• [WHAT TO PRODUCE]:
For the data that follows, print the line with "geschichte des bauhauses", the line with "Luke Skywalker And", and all lines between them, exactly as they stand. Omit pictures and add nothing.

• [EXTRACTED MATERIAL]:
————

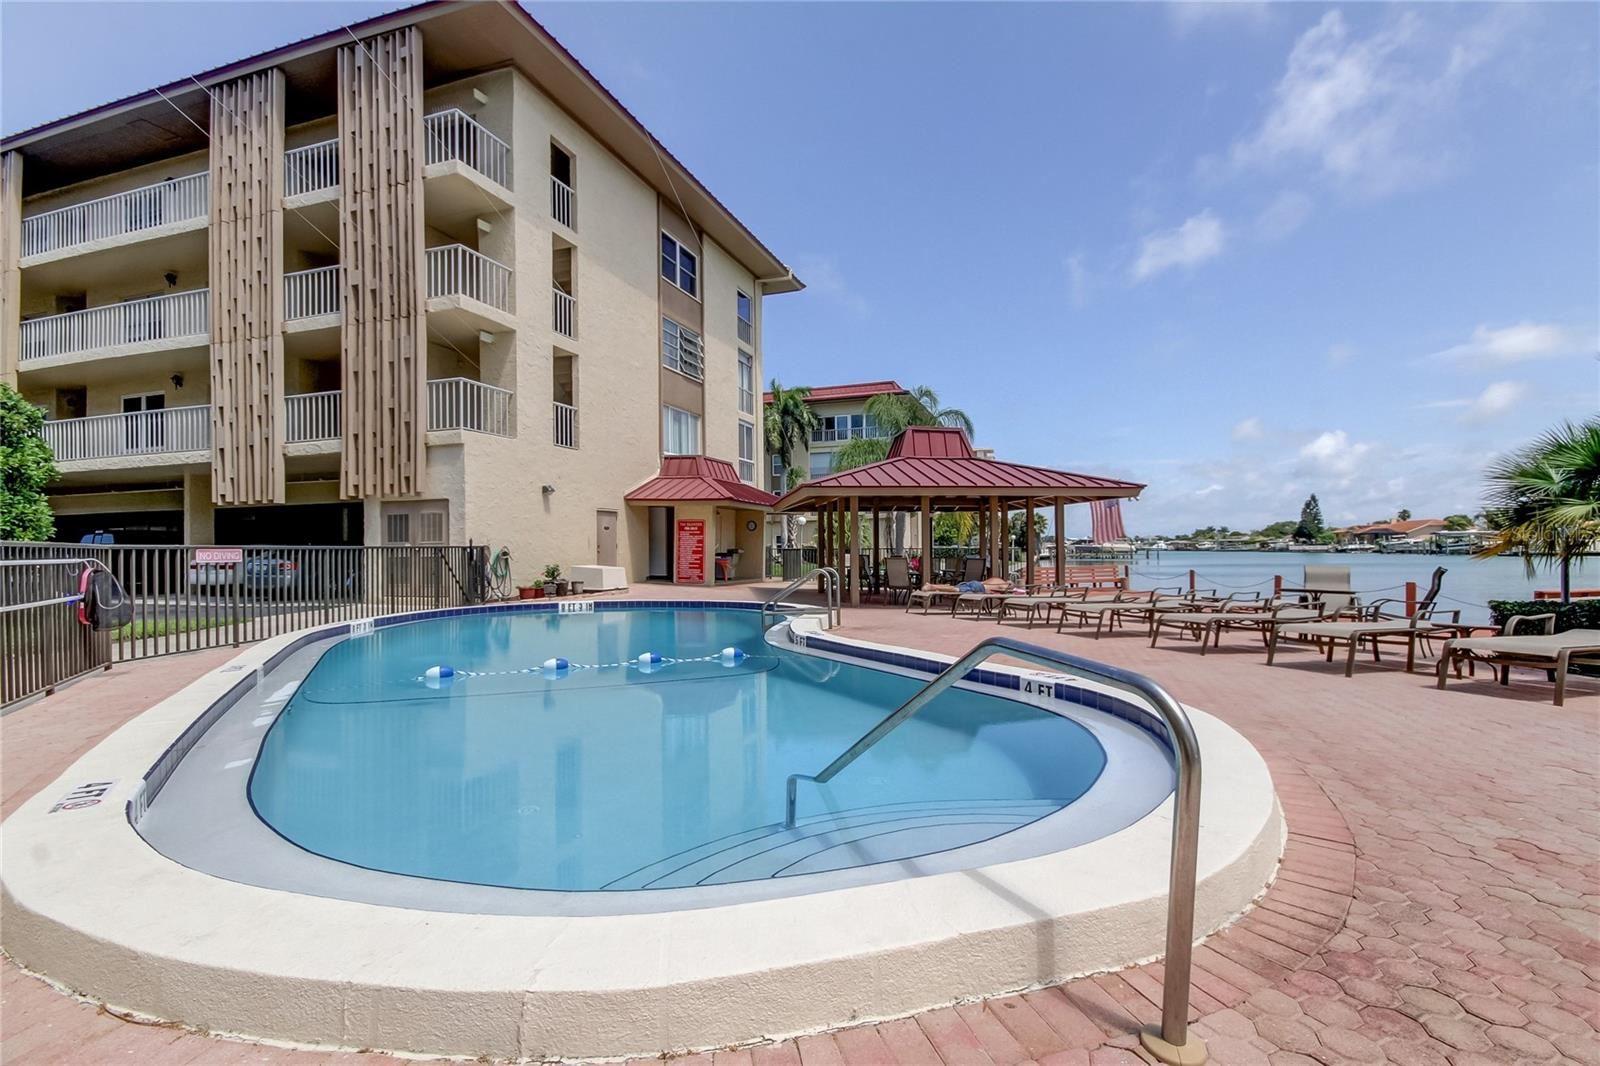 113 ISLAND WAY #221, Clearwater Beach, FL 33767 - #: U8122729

————

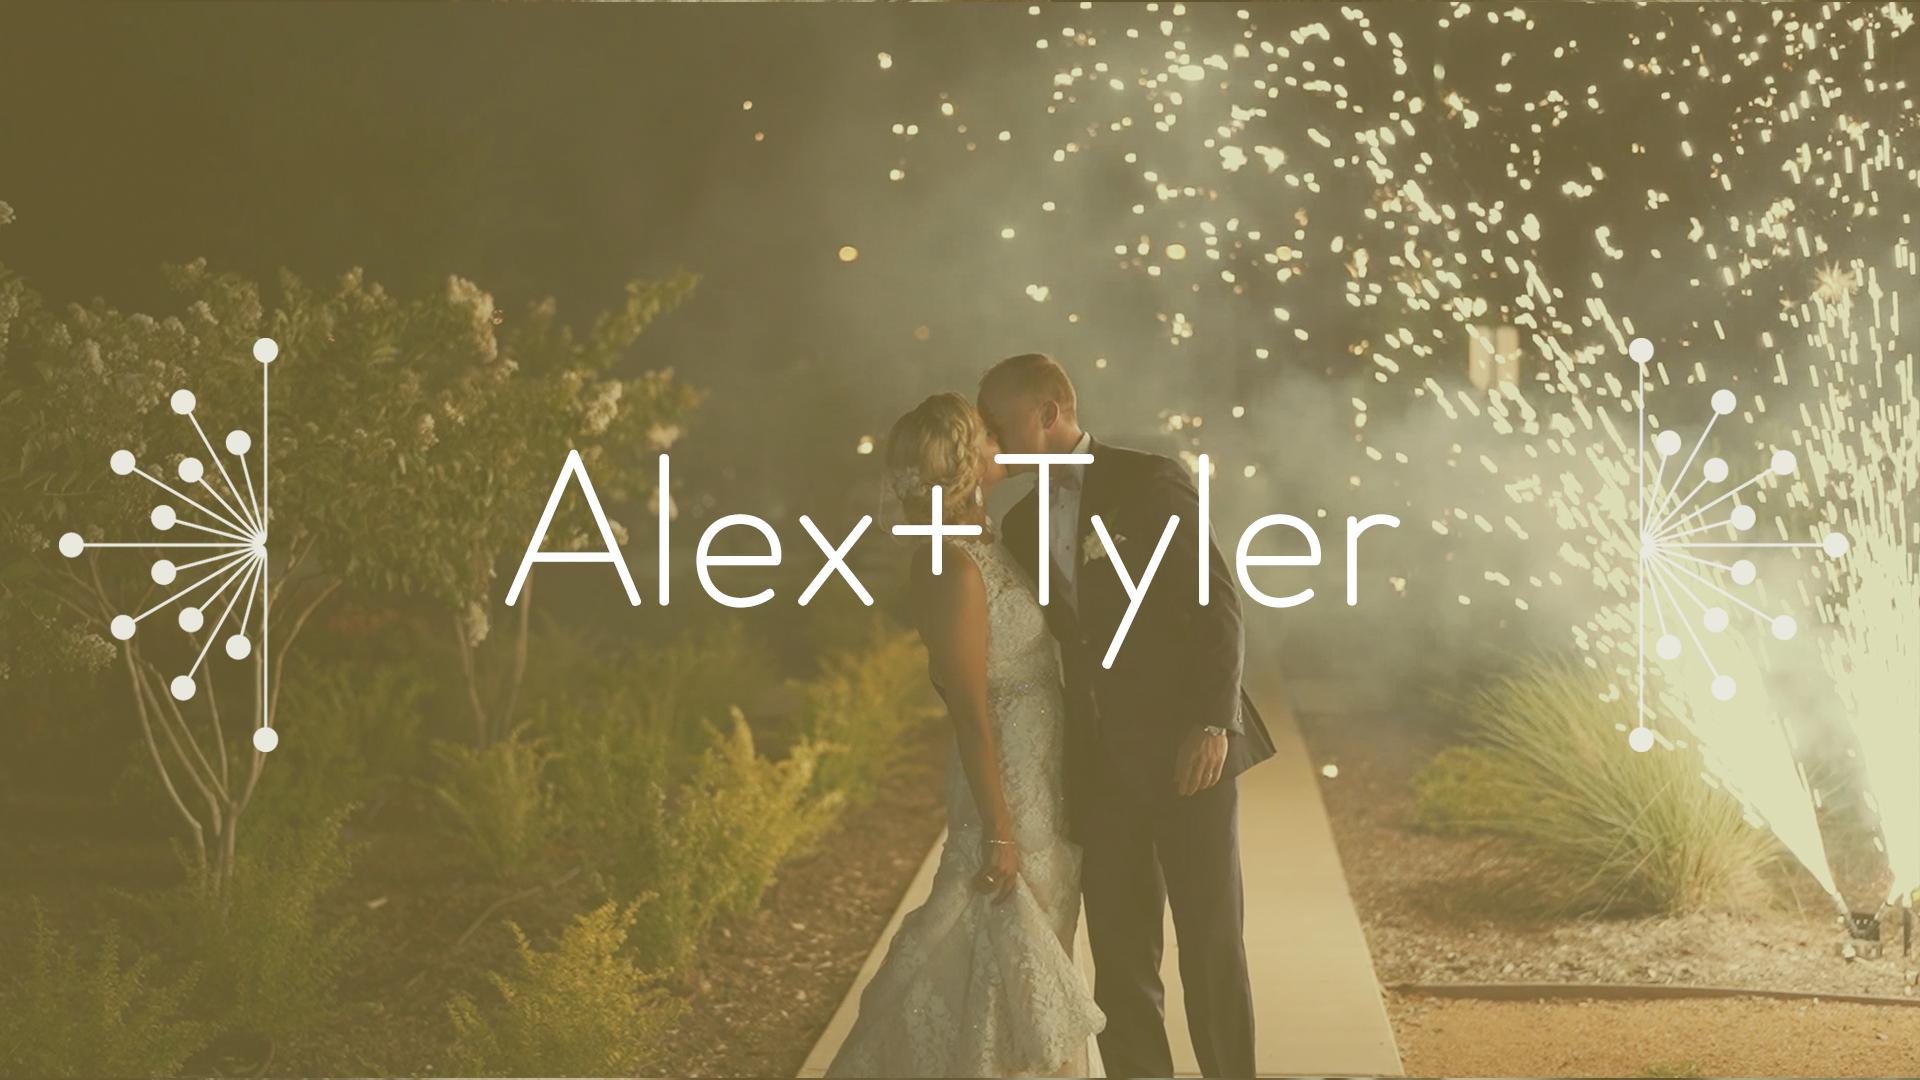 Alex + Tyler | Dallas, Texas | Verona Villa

————

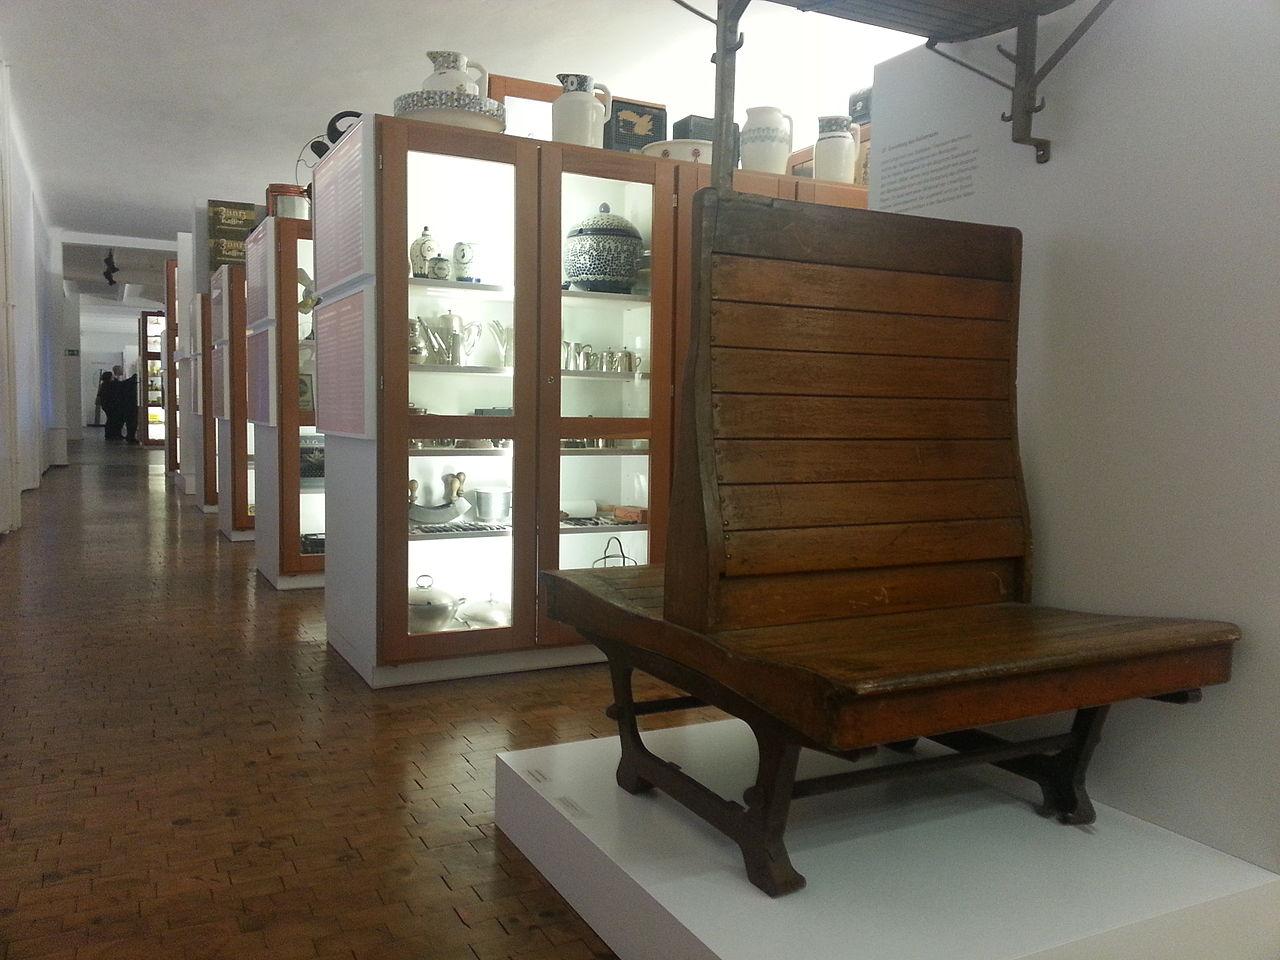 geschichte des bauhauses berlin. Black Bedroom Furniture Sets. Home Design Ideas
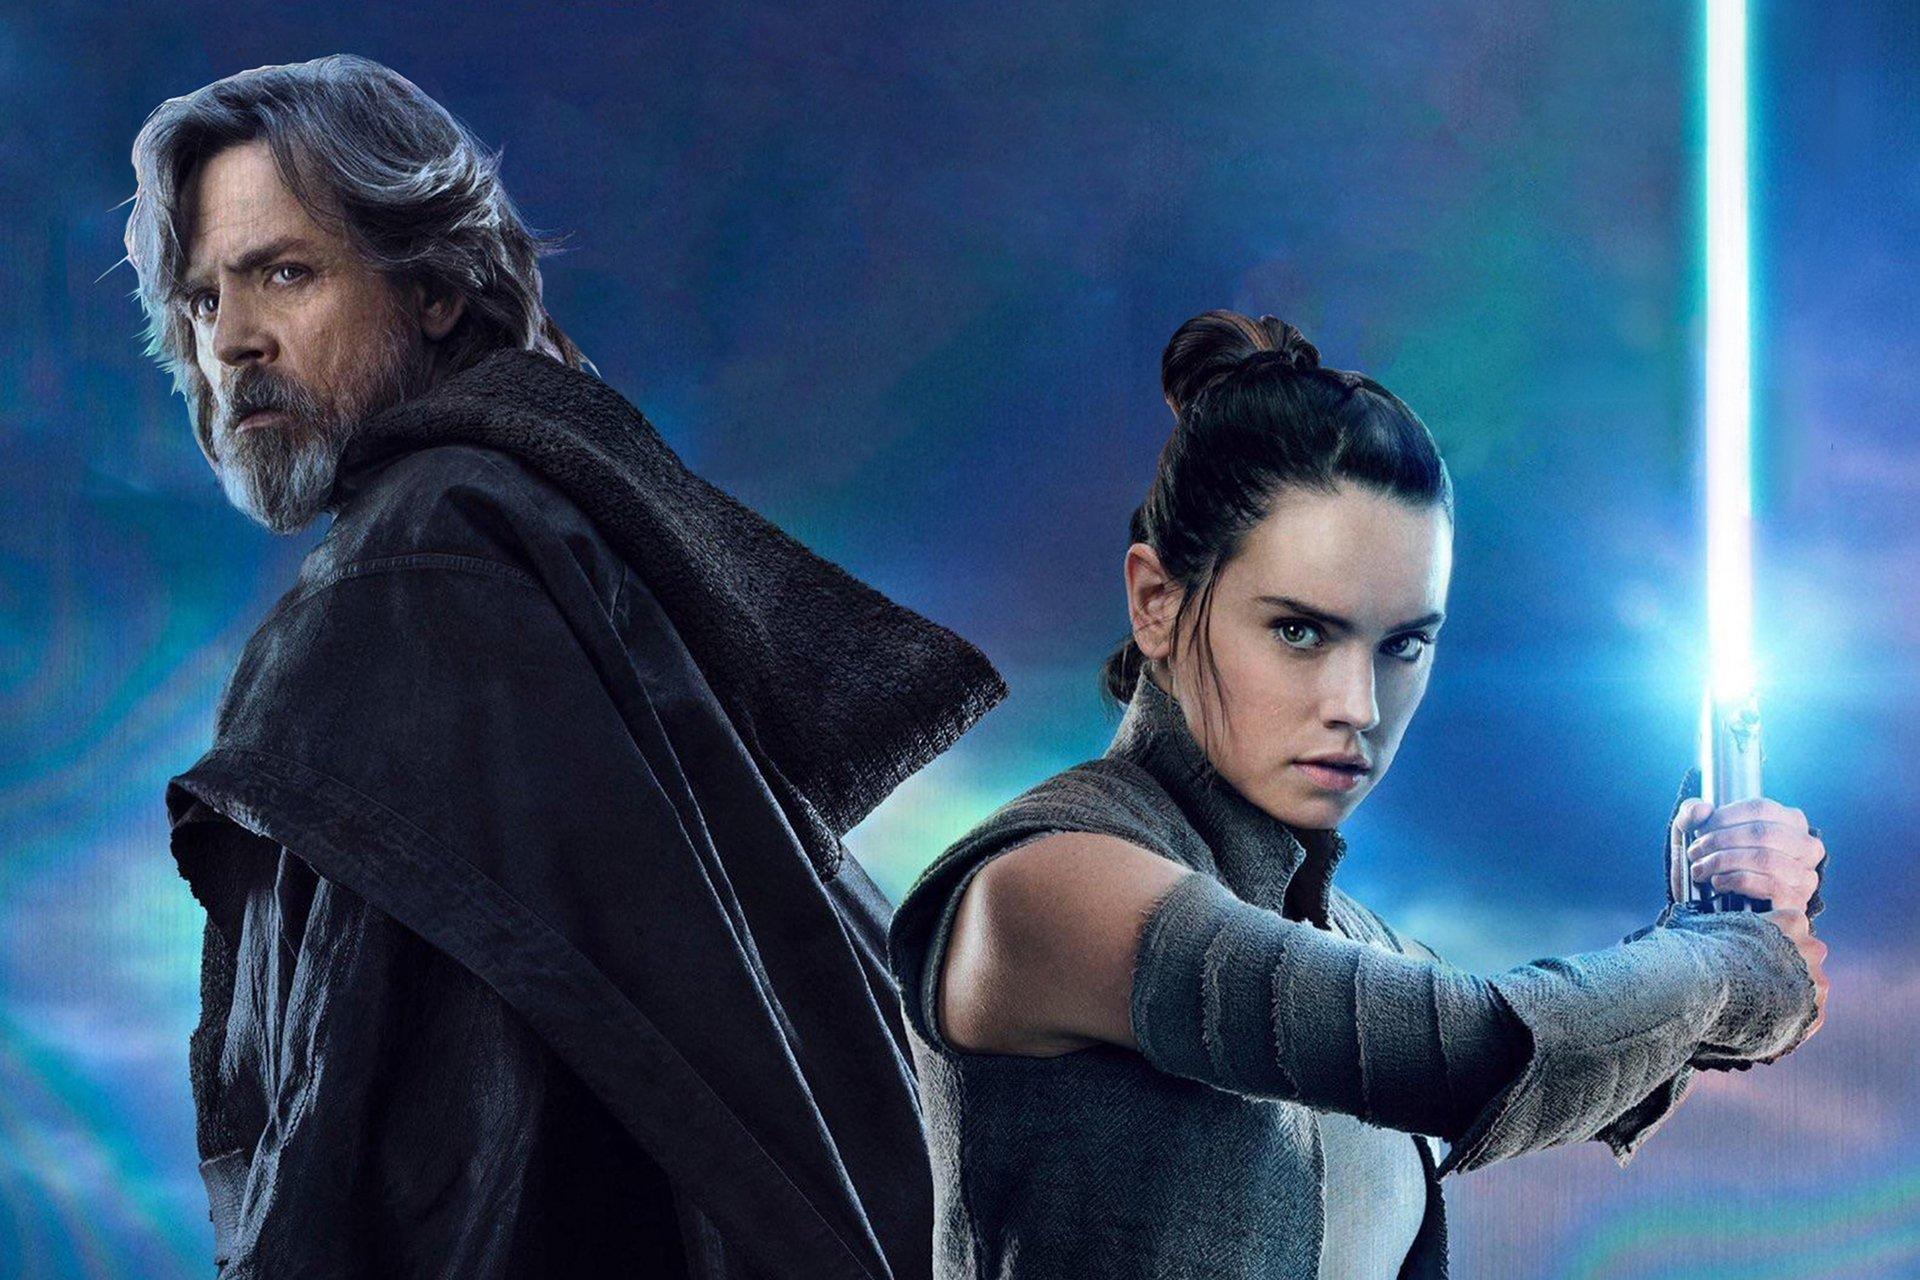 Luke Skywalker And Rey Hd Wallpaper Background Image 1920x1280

————

• [WRITTEN RESPONSE]:
 geschichte des bauhauses berlin. Black Bedroom Furniture Sets. Home Design Ideas
 Luke Skywalker And Rey Hd Wallpaper Background Image 1920x1280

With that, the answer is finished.